In two decades of doing this job, I’ve never witnessed anyone be interviewed by the media for 45 minutes and look like they enjoyed every second of it.

Until Tuesday, that is. When new Mets owner Steve Cohen fielded dozens of questions as gleefully as Keith Hernandez used to vacuum up ground balls. Cohen, dressed Wall Street casual in a half-zip sweater, often responded with a wry smile, as if this was all too good to be true.

And then it hit me, why Cohen was so happy. As a lifelong Mets fan from Great Neck, Cohen was giddy for the same reason everybody watching at home was -- because someone exactly like him bought his favorite team.

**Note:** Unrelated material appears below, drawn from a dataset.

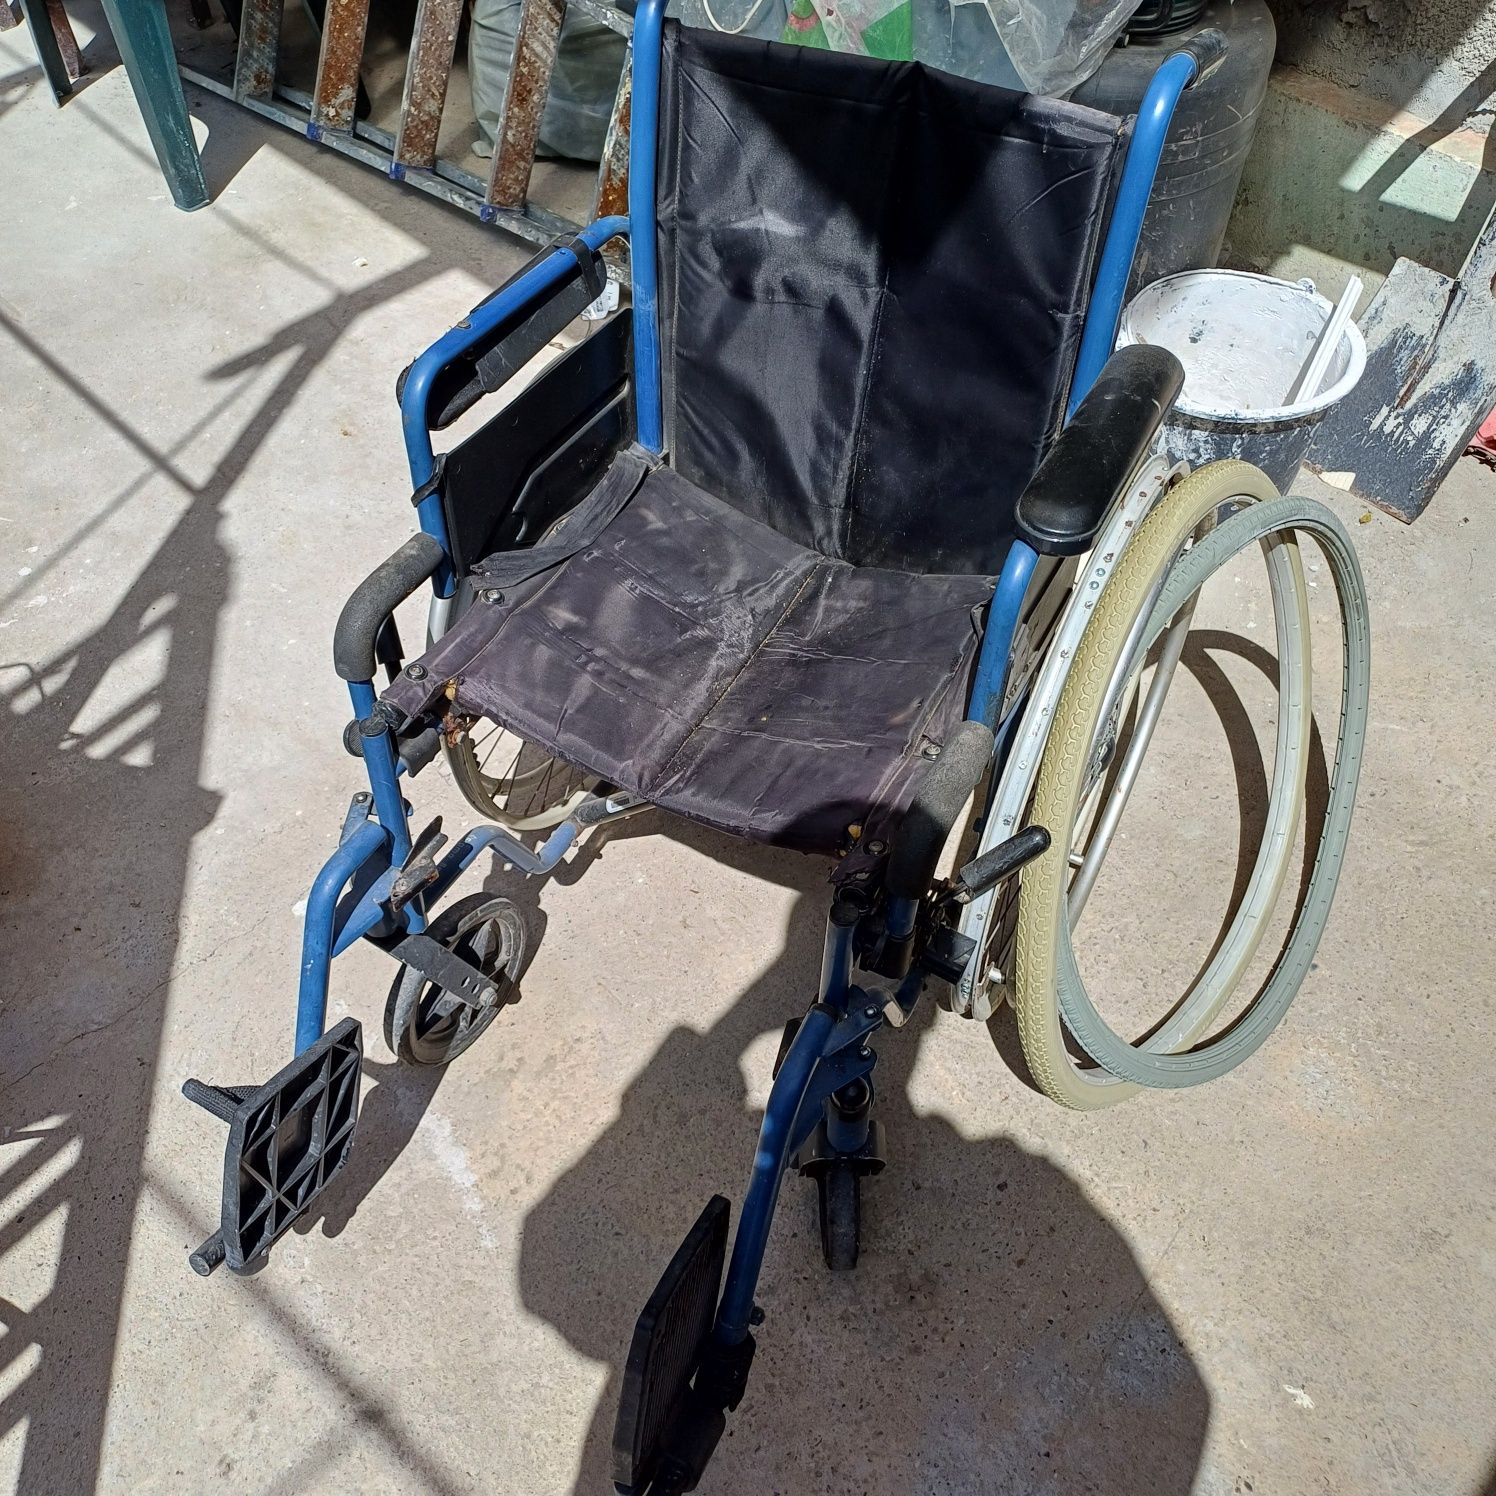 Gratis cărucior pentru persoane cu dizabilități

"You want us to win the World Series, and so do I," Cohen said during Tuesday’s introductory Zoom conference. "New York fans have high expectations and I want to exceed them. I want an exceptional team. I want a team that’s built to be great every year. I don’t just want to get into the playoffs -- I want a championship."

By then, only a few minutes in, Mets’ diehards around the globe probably stood up and applauded. Or wept with joy. Or dumped ice water on their head, wondering if they were dreaming this whole production.

To have Cohen so shamelessly revel in his Mets fandom, then lay out his vision for the franchise in such transparent, credible terms, was unlike anything we’ve experienced before in Flushing. Did the Wilpons want to win a World Series? Sure. It just never seemed to be the top priority. And the price had to be right.

With Cohen, however, the entire Mets’ narrative has flipped. The broke team now belongs to the richest owner in the sport, worth an estimated $14 billion, who also happens to be one of the smartest hedge-fund titans on the planet. And, though Cohen pledged he wouldn’t throw around cash like a "drunken sailor," he insisted the Mets will be spending as a big-market team should -- but intelligently with an eye toward sustained success, year after year.

"I’m a very motivated, very proactive type of guy," Cohen said. "I just don’t sit back and accept mediocrity. We shouldn’t accept just making it to the playoffs. That’s not good enough. That means we’re going to have to go out and get great players, develop great players, provide them with the resources that they’re going to need in all parts of the organization. That’s what we’re going to do."

And how’s this for motivated? Cohen had no problem setting a conservative timeline of three to five years for a championship. Not merely competing for a title. Having a parade. After what we heard from him Tuesday, I’d take the under. Cohen came off as more than a mega-billionaire Mets’ fan. He finally became three-dimensional, took shape, in putting forth a strategy with new president Sandy Alderson that is committed to transforming the identity of a franchise that has been mostly a punchline for over a half-century.

If Cohen and Alderson are to be believed, from this point forward, saying the "Mets are gonna Met" or describing something as "Metsian" just took on a much different meaning. Cohen repeatedly emphasized he didn’t buy the team to finish second and Alderson -- who spoke in a relaxed tone we didn’t see as GM under the Wilpons -- spoke as if he was finally free to shed the club’s joker label.

"You don’t change the perception without changing the reality," Alderson said. "They’re not often the same, but you’re not going to have a positive perception for long if the underlying facts just don’t support it. We have to do a lot of things well, and I think Steve is going to go a long way toward changing that narrative — I really do. It’s going to give us some leeway."

Neither Cohen nor Alderson would make comparisons between their plans and how the Mets were run by the Wilpons. But they didn’t need to. We’re all very familiar with what went down in Flushing before Cohen’s arrival. The future could not be more different, and Alderson -- handcuffed by finances during his previous Mets’ stint -- did take the opportunity to highlight one significant upgrade.

"I don't want to create the impression that we're just going to go out and sign a bunch of players," Alderson said. "But I think we now can emphasize the acquisition rather than the cost. Does that make sense?"

Crystal clear, actually. And Alderson, refocused on the goal of making the Mets an "iconic" franchise, thinks that others want to be part of this Cohen-spurred movement in Flushing, too.

"The Mets have become a very attractive landing place," Alderson said. "That’s true across the board. Suddenly, overnight, people are interested in working for the Mets within the game who perhaps were not before. I think players are interested in the Mets for reasons they might not have been before."

It’s the same reason Alderson returned, and why people found themselves cheering a TV news conference Tuesday with the same celebratory fervor as a Mets walk-off homer. That reason is Steve Cohen.